What the verification layer actually does
v6.3 added a separate prompt that runs after the framework score is computed. The Whale Confirmation Coach takes the framework's verdict — say, "BULLISH 78" — and says: "go check that against the world." It runs Anthropic web_search against:
- SEC filings — Form 4 insider transactions, 13D/13G institutional positions, S-1 / 10-Q filings tagged in the last 90 days.
- Dark-pool reports — published aggregates from FINRA TRF, Cboe LULD, off-exchange print attribution.
- Analyst sentiment — published price target changes and rating moves in the last 30 days.
- Sector flow — material 13F changes in the same theme bucket, in case sector rotation is driving what the per-ticker score reads as ticker-specific.
Then it returns one of three verdicts:
- CONFIRMED — outside evidence agrees with the framework score.
- CONFLICT — outside evidence partially contradicts; some sources agree, some don't.
- WEAK SIGNAL — outside evidence is sparse or inconclusive; the framework score is functionally undocumented.
Plus an agreement percentage (0-100) that quantifies how much of the cited evidence supports the framework score, and a list of citations — actual links to the SEC pages, FINRA reports, and analyst notes the AI cross-checked.

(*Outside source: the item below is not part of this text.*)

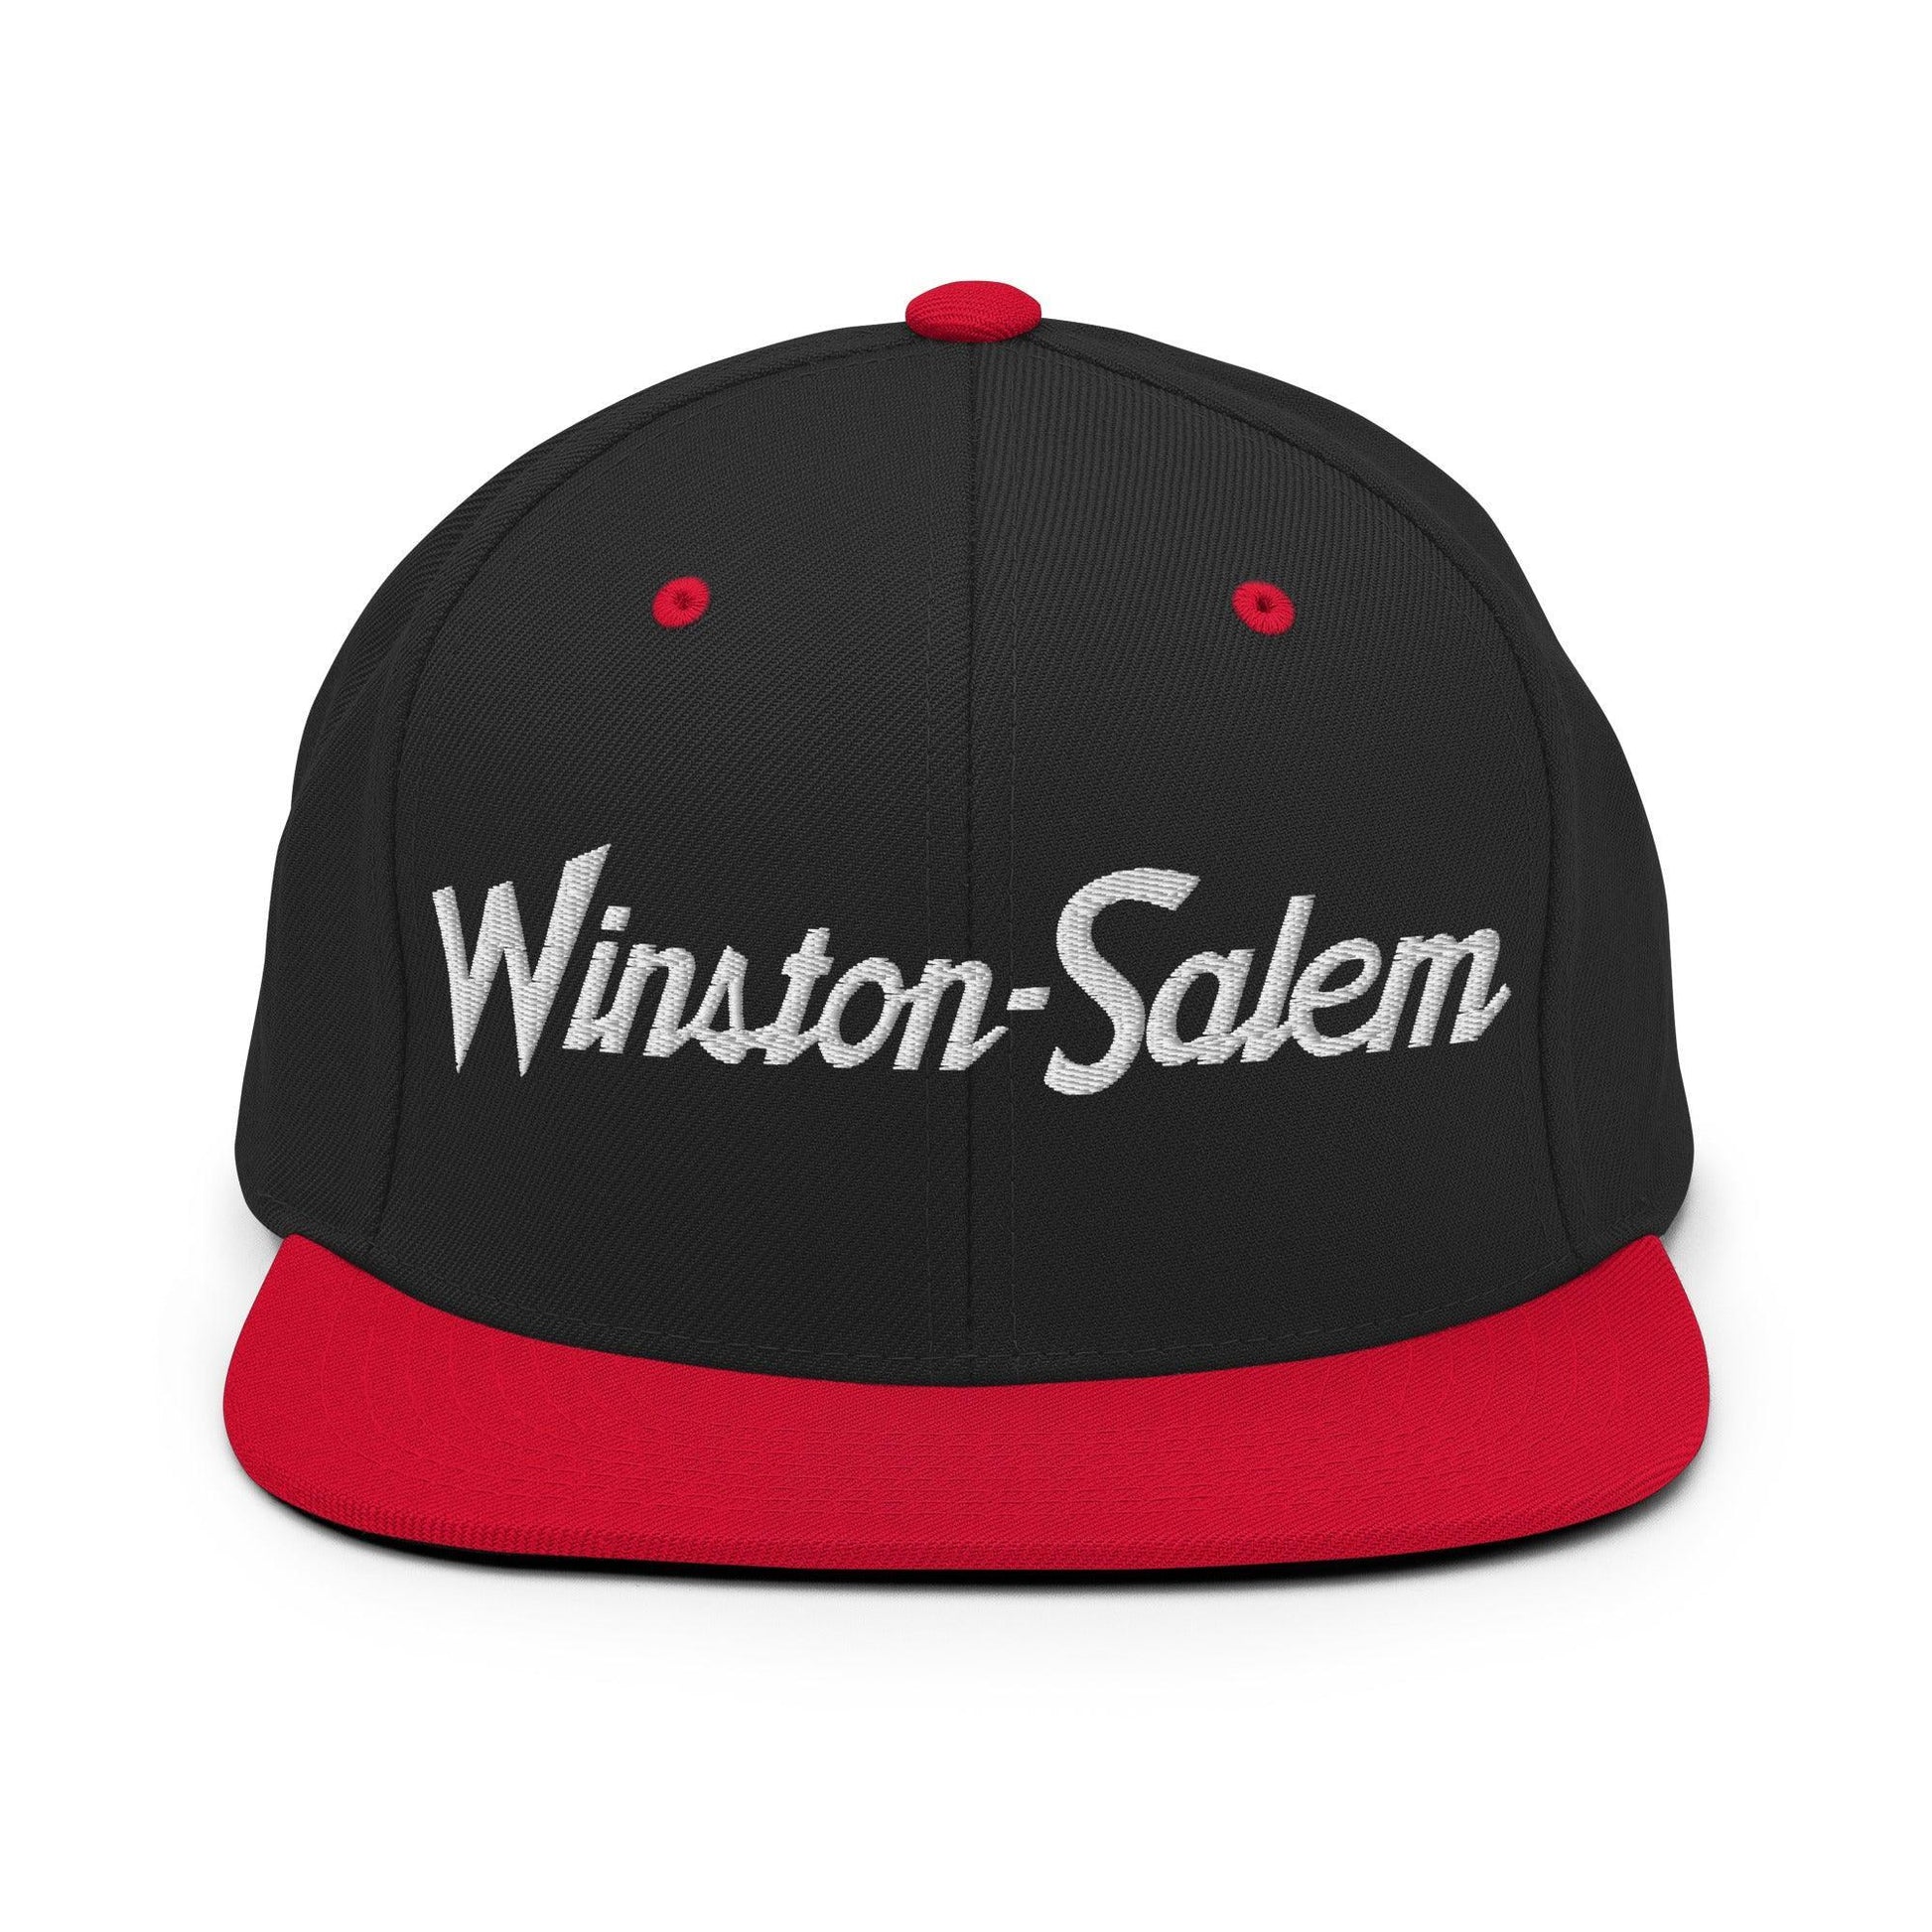 Winston-Salem Script Snapback Hat Black/ Red

How to read the agreement %
The agreement percent is not a confidence score. It's a corroboration density. Read it like this:
| Agreement % | Reading | Action |
|---|---|---|
| ≥ 75% | Multiple independent sources align with the framework score. | Treat the framework score as load-bearing. Size normally. |
| 50-74% | Sources are mixed. Some real evidence both ways. | Read the citations. Often the AI surfaces a real concern (insider selling alongside institutional buying). Reduce size or wait. |
| 25-49% | Most sources lean against the framework score. | The framework is probably reading a partial signal. Don't size up on this one. |
| < 25% | Outside evidence broadly contradicts. | Skip the trade or scale into a hedge. The framework's reading the noise. |
The math floor is 50%. Below it, the verification layer is telling you the per-ticker indicators are out of phase with what the larger market is doing — which is the dangerous regime, not the obviously-bullish one.
The verdict that matters most: CONTRADICTED
When CONFIRMED fires, it's a green-light comfort signal. Useful, but not high-leverage — you were probably going to take the trade anyway. The verdicts that earn the coach's $0.10 per call are the contradictions. Specifically: cases where the framework says BULLISH 75+ and the verification layer comes back CONFLICT or CONTRADICTED with citations.
Why the asymmetry? Because the framework's whale_sentiment score is built from tape behavior — OBV, block prints, unusual options. Tape behavior leads price by minutes to days. Insider Form 4 filings, 13D position changes, and analyst rating moves are structural data — they describe ownership decisions made weeks earlier. When the structural data points the opposite direction from the tape, you're almost always looking at one of two things:
- Distribution to retail — institutions are selling into your buying. The tape looks bullish because the volume is there. The selling is structural.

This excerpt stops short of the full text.